Businesses sit on a lot of unstructured data and often don’t have the ability to get much out of it.
Now imagine having a way to store data and being able to ask it questions, for example, “When did ABC Company sign their first contract with us?” or “Show me videos containing blue skies”.
That’s what SeMI Technologies built with Weaviate, a vector search engine. It is a unique type of AI-based database using machine learning models that produce vectors, also called integrations, hence the name vector search engine, said Bob van Luijt , CEO and co-founder of SeMI.
He explained that vector search engines are nothing new – Google Search is an example of a solution built on top of a vector search engine. However, SeMI’s goal is to make this technology commonplace and has an open source business model so anyone can use it.
Van Luijt gave my colleague, Alex Wilhelm, some under-the-hood insight into the tech last year by creating a semantic search engine that answers questions about 2021 Techcrunch articles.
“Anyone can use technology, and we have tools and services for businesses that need it,” van Luijt added. “We don’t create or distribute the actual models – it’s something that companies like Huggingface or OpenAI do, or companies create models themselves. But having the models is one thing, using them to power your production search and recommendation systems is another, and that’s exactly what Weaviate solves.
Since founding the company in 2019 with CTO Etienne Dilocker and COO Micha Verhagen, van Luijt has seen SeMI’s technology inspire more than 100 use cases, including startups, like Keenious or Zencastr, creating new businesses based on the new possibilities that a vector search engine offers them, and uses where the results provided by Weaviate directly help people, for example in the medical field.

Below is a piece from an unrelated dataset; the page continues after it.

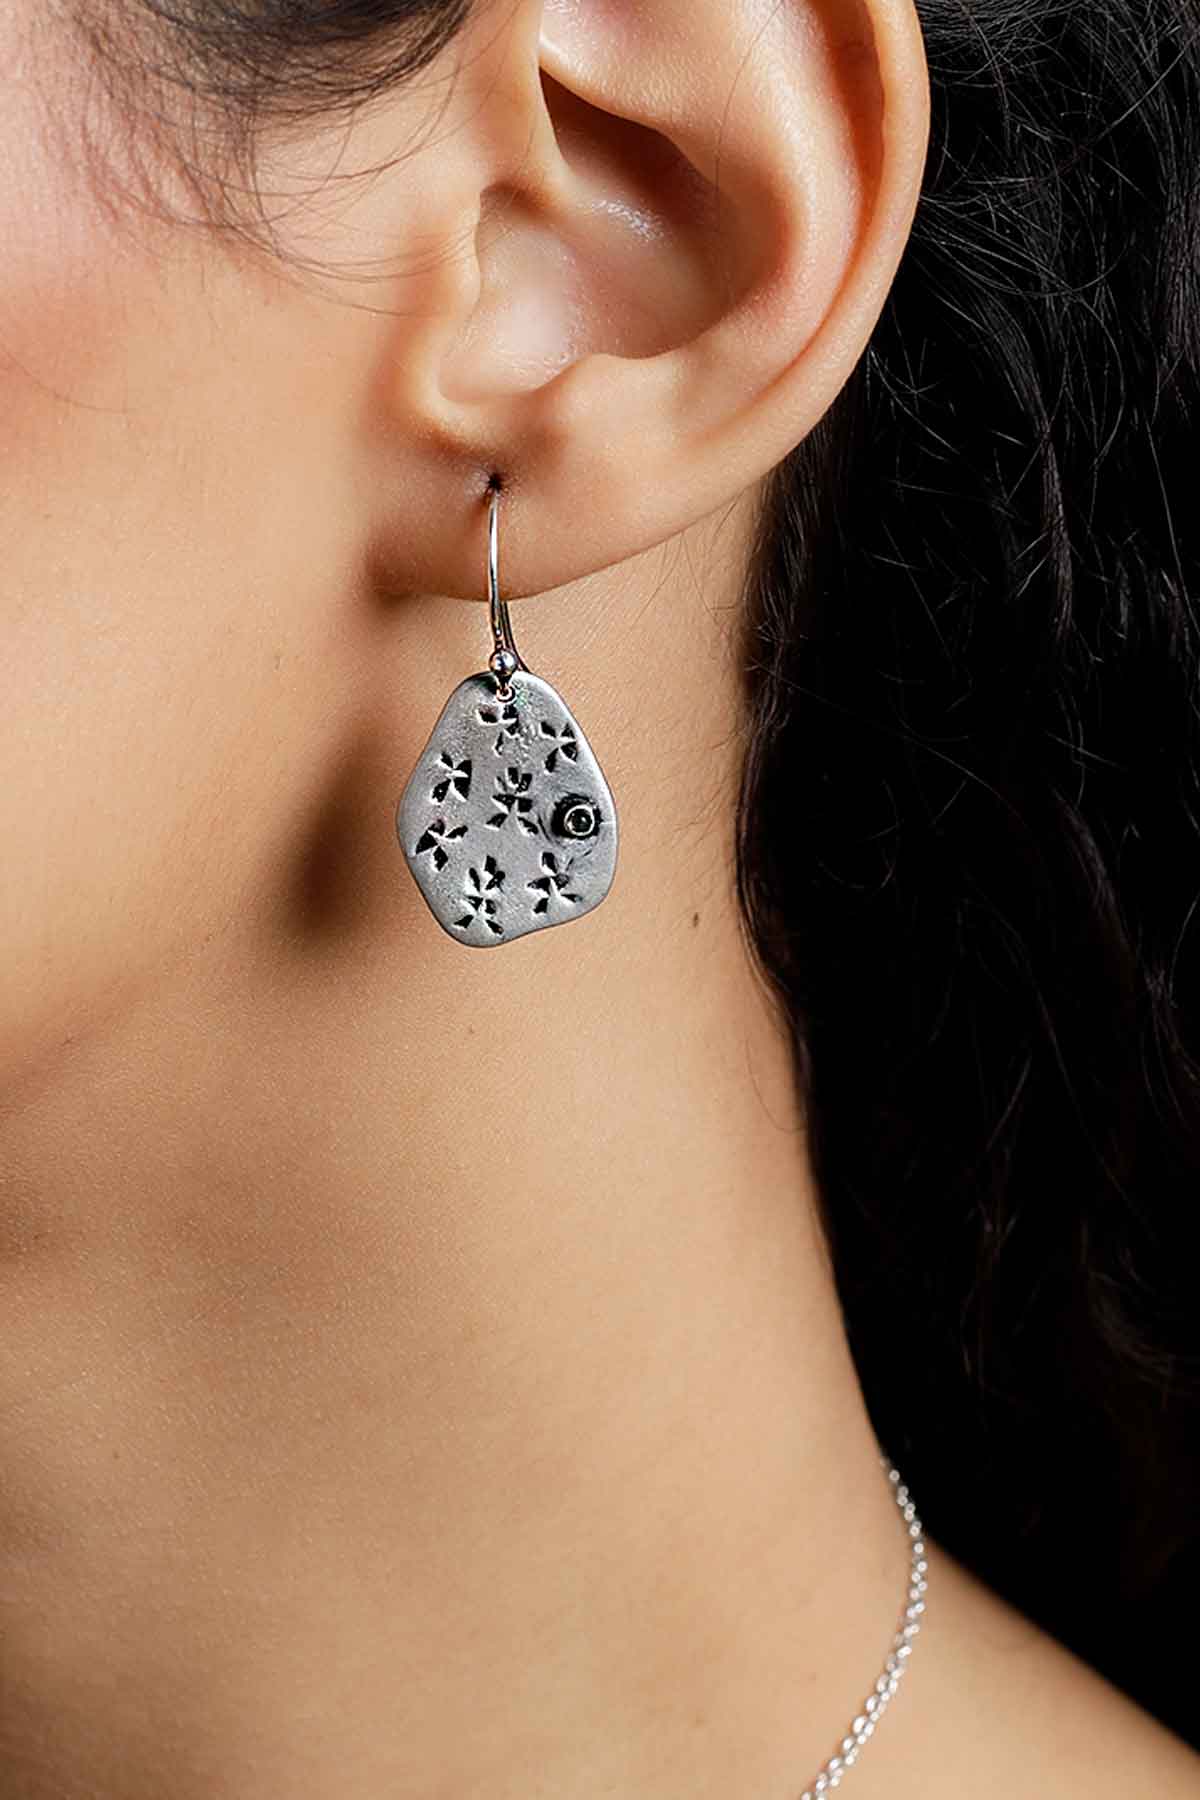 The Silver Aspen Earrings
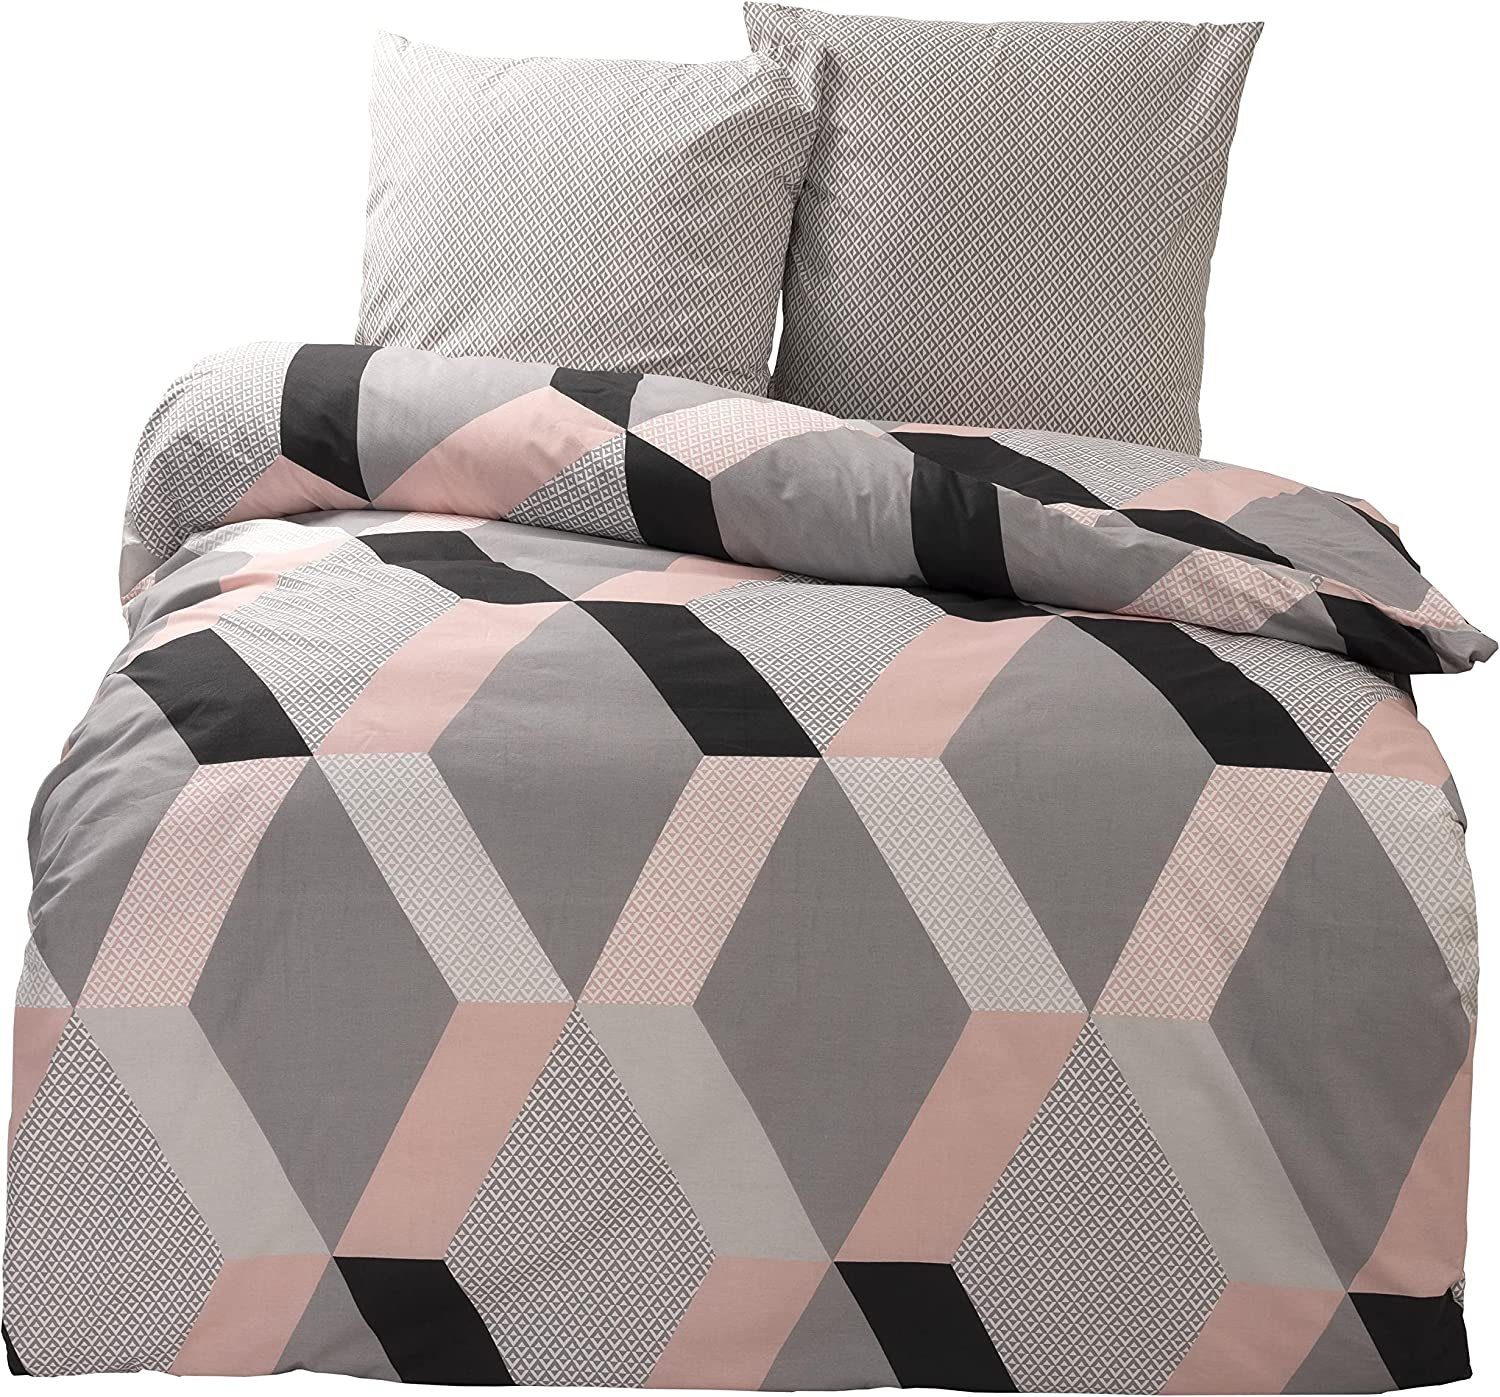 Bettwäsche Grafisch rosa / grau, One Home, Renforcé, 2 teilig, Baumwolle, Geometrisch und modern, Übergröße

Some of van Luijt’s personal favorites were those he thought were more “esoteric”, including vectoring and researching the human genome, mapping the entire world into vectors, or so-called graph embeddings, which can be easily searched through with Weaviate, like a demo SeMI created on graph embeddings from Meta Researches.
SeMI raised a $1.2 million seed in August 2020 from Zetta Venture Partners and ING Ventures and since then has been on the radar of venture capital firms. Since then, its software has been downloaded nearly 750,000 times, a growth of around 30% per month. Van Luijt did not elaborate on the company’s growth metrics, but said the number of downloads can be correlated to sales of enterprise licenses and managed services. Additionally, the spike in usage and understanding of Weaviate’s added value has resulted in an increase in all growth metrics and the exhaustion of its seed funding.
Although seed funding was gone, the company was not actively seeking new funding. However, when the SeMI co-founders had conversations with Cortical Ventures, a new fund from former Datarobot founders and New Enterprise Associates (NEA), van Luijt said the companies showed them how they would support the business. .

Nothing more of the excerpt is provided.